Daily Mail

Stealth tax on families pushes rate up to 65pc

- By James Burton

FAMILIES have been hit by stealth tax rises which mean they hand over 65p in the pound on some of their earnings, experts have said.

Three-child families with one parent earning more than £50,000 a year are hit by the punishing rate because they lose child benefits as well as tipping over into a higher-tax bracket, according to the Institute For Fiscal Studies.

A family with three children gets child benefit equal to £2,500 a year to help cover costs, so long as neither parent earns over £50,000. But this payment is gradually reduced to nothing once one of the parents is earning more than £50,000.

A family where someone is paid £60,000 would lose the full £2,500 benefit, meaning they effectivel­y pay a 25pc tax on £10,000 of their income. This cash would also be hit with the higher-rate income tax of 40pc – meaning they would pay 65pc in total.

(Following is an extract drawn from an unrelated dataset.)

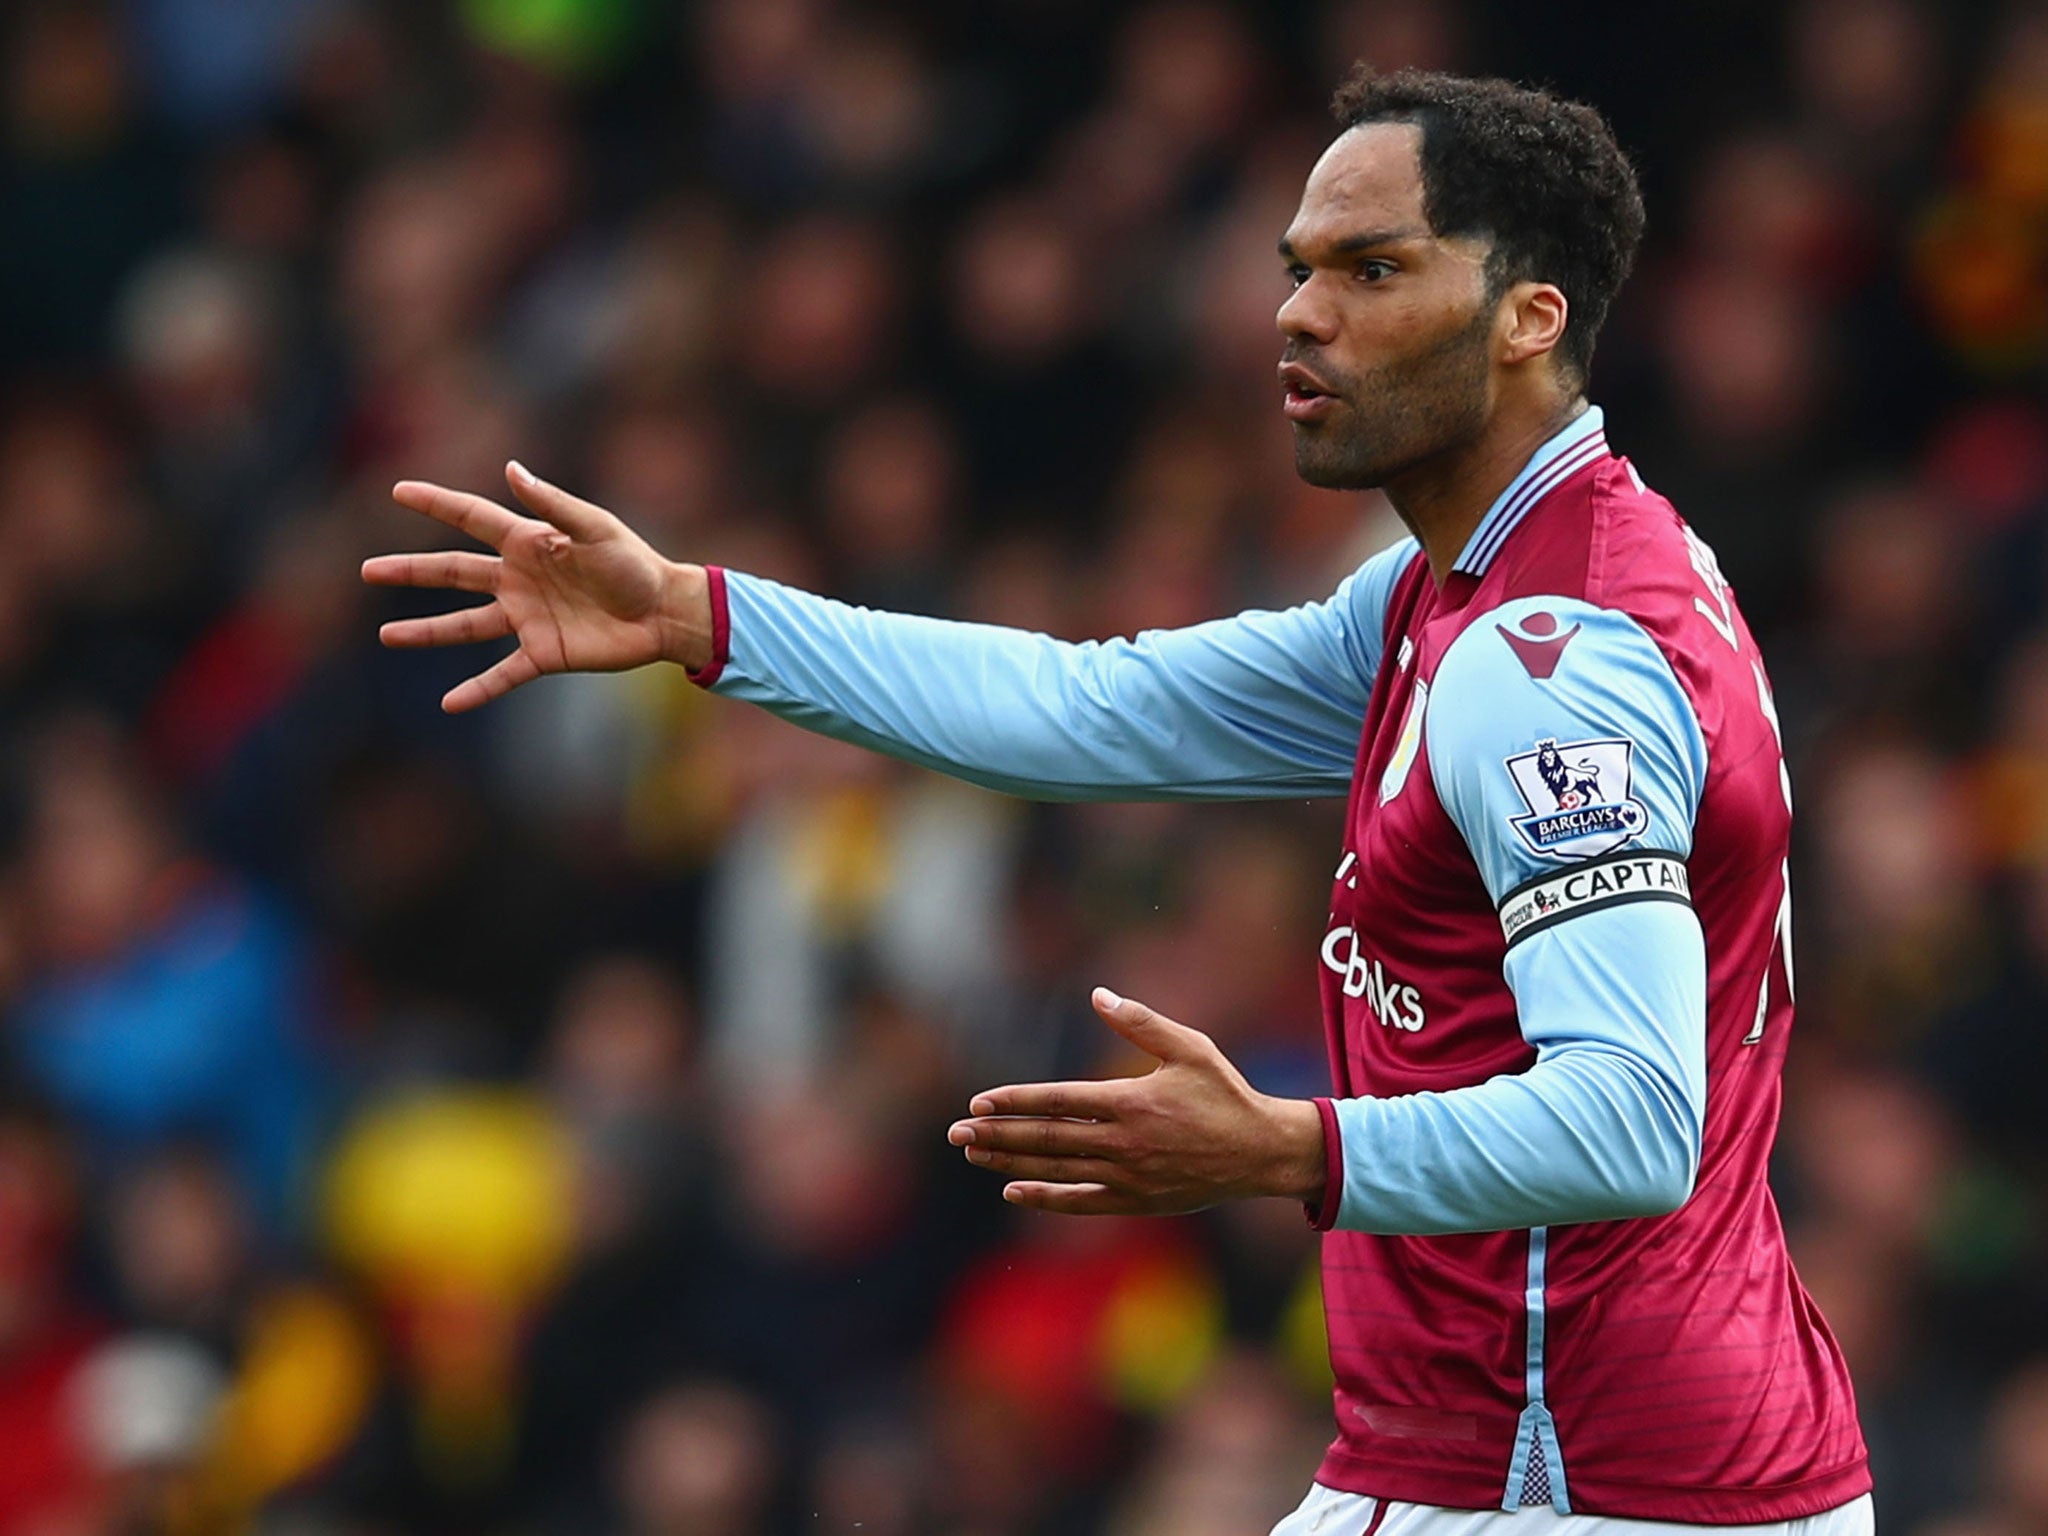 Lescott has joined following his release from Greek side AEK Athens in November

The IFS slammed ministers for failing to fix the quirk, and also failing to increase tax thresholds in line with inflation.

This has meant the number of people paying higher taxes and losing key benefits has surged as their wages nudge them over the limits.

IFS director Paul Johnson said: ‘Recent government­s have, rather stealthily, increased tax rates on high earners and the number of people facing high marginal rates of tax. If government thinks there is a case for more high-income people to pay more tax, it should be upfront about that view.’

In the year before Labour introduced a 50p tax rate for those earning over £150,000, a total of 319,000 people were hit.

Although the Tories later cut the rate to 45p, the £150,000 threshold has not moved. There are now 428,000 people with incomes above that level – but if the threshold had risen with inflation, it would have reached £180,000.